Happy July 4th. Enjoy.

All the hills are covered with snow

Not many hills in this are, a lot of flat lands around here, farm fields and spruces are beneath the snow. A few weeks ago when we had the same conditions, I curled up with some of the books that I have been accumulating. One of those was The Death and Life of the Great Lakes by Dan Egan. A well researched and finely written book about people’s hubris when it comes to the world around us.

The Great Lakes astounded the Europeans. An expanse of fresh water which seemed to be an inland sea. Then the exploitation started without thought of the consequences: over fishing, introduction of non-native species, pollution, connections to the seas. And it continues today. But Dan Egan is hopeful. Because of people. Because we see the beauty,of the lakes, the need to protect such a large fresh water source, the pleasure of being on lakes.  One person at a time. Good book, take time to read it.

Remembrance

As we put finishing touches on family and friend gatherings, we need to pause and remember the tragedy of five years ago. We should send our prayers, good thoughts, and regrets to the families of Sand Hook Elementary School and the community of Newtown, Conneticut.

Twenty children were slaughter with six adults that taught and cared for them. A person who should never possessed a gun shot his mother, then the children, then himself.

The last prayer we say today should be for ourselves, to help understand what we have become through our inaction.

We could have done better, didn’t and still haven’t.

 

Power

This is my take on the recent reports of sexual misdeeds involving every level of our society.

Sexual misdeeds(all levels of it) are about power, who has it and who doesn’t.

Women did not have power or perceived that they didn’t. Now we do.

One woman and the sixty-six million people who voted for her changed that.

Thank-you Hillary Rodham Clinton.

Do we have the grit to enact the changes that are needed in the United States to address this.

November 2017

Yesterday I would have said that this fall was reminding me of this spring’s weather–rain interrupted by a few days of good weather.The crops got planted in spurts.
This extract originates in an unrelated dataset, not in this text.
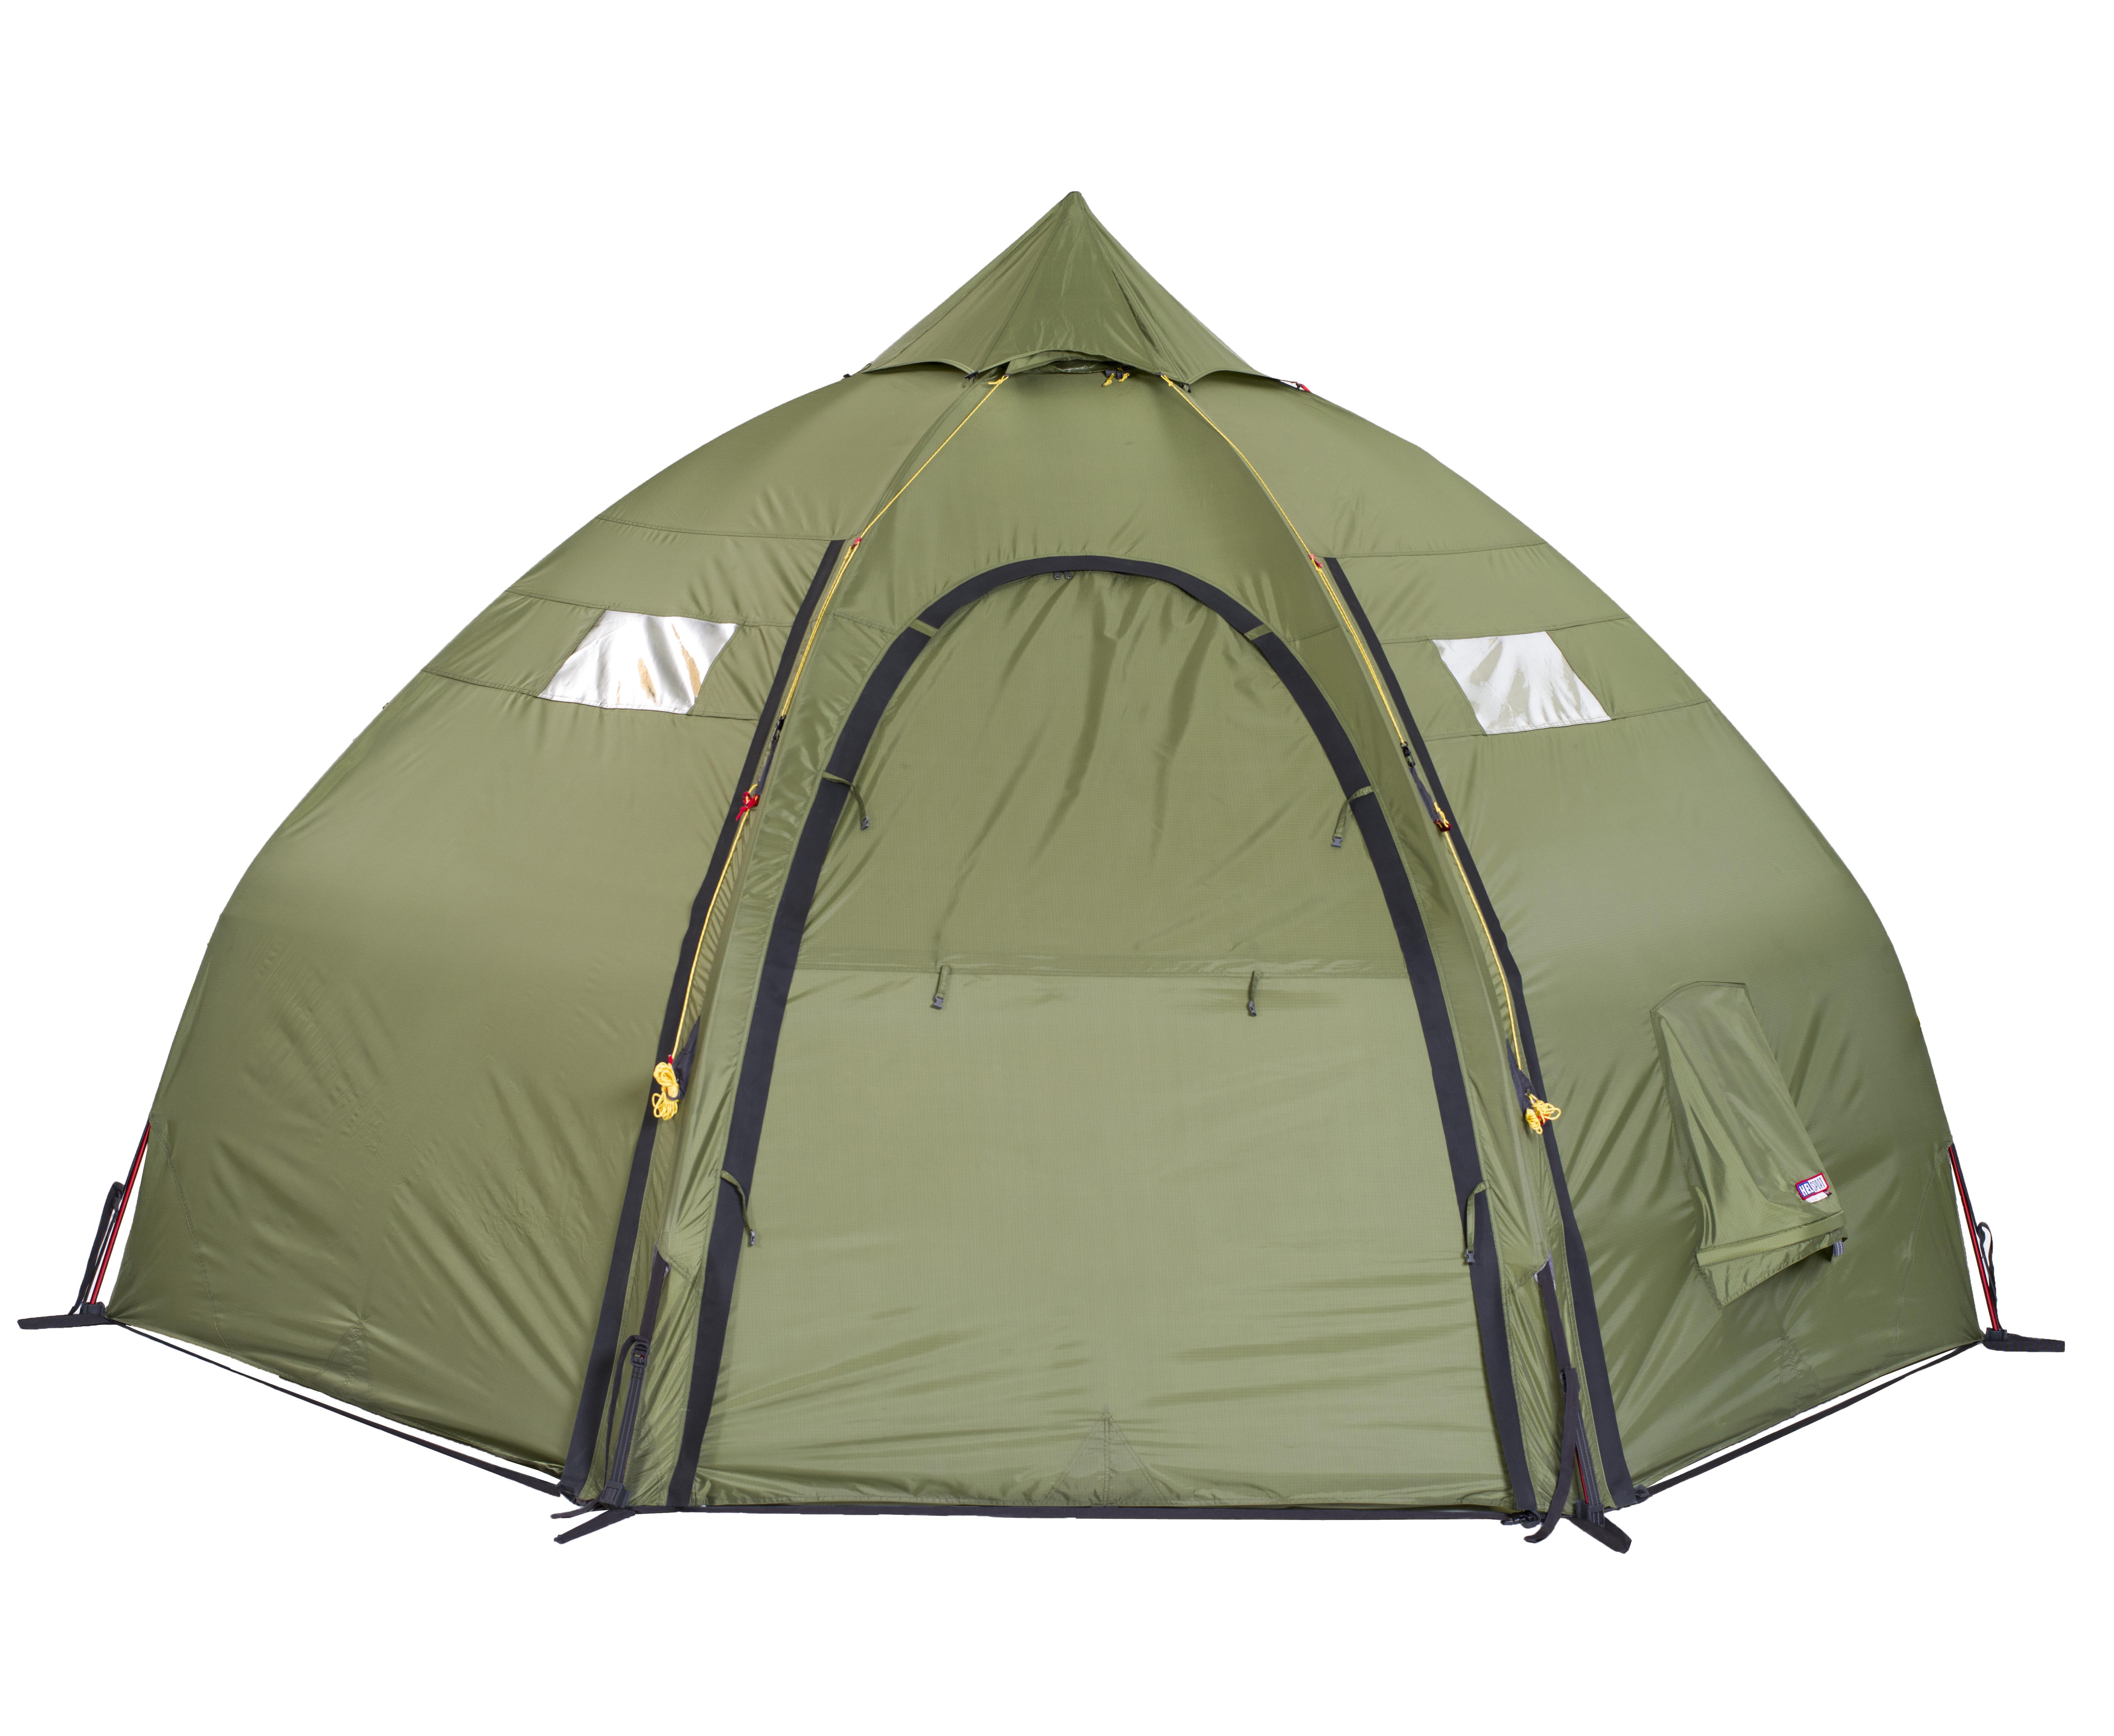 Varanger Dome Tents From Helsport Wild Coast Tents

It looks like the crops will get harvested the same way. With this morning’s snow, I’m thinking that it reminds me more of the winter of 1985-86. That year the snow came , then kept piling up. We finished harvesting in the spring.

So, with snow on the corn, we will wait until it melts off before finishing the harvest. It may be that we will finish in December–haven’t done that in a while.

I’m working on it–honestly!

Enjoyed this weekend, relaxed, caught up with friends, and didn’t think about work. But it kept coming up in conversation.

“What book are you on, the fourth?” Noooo, I’m doing revision work on my third book.

“Have you published your next book yet?” Noooo, I’m working the revisions.

“When do you think you’ll have it done?” I shrug my shoulders.

But I promise to continue the revisions after one more week of doing nothing…really.

I think all the interruptions in the past year have added up to a better book,at least I hope so.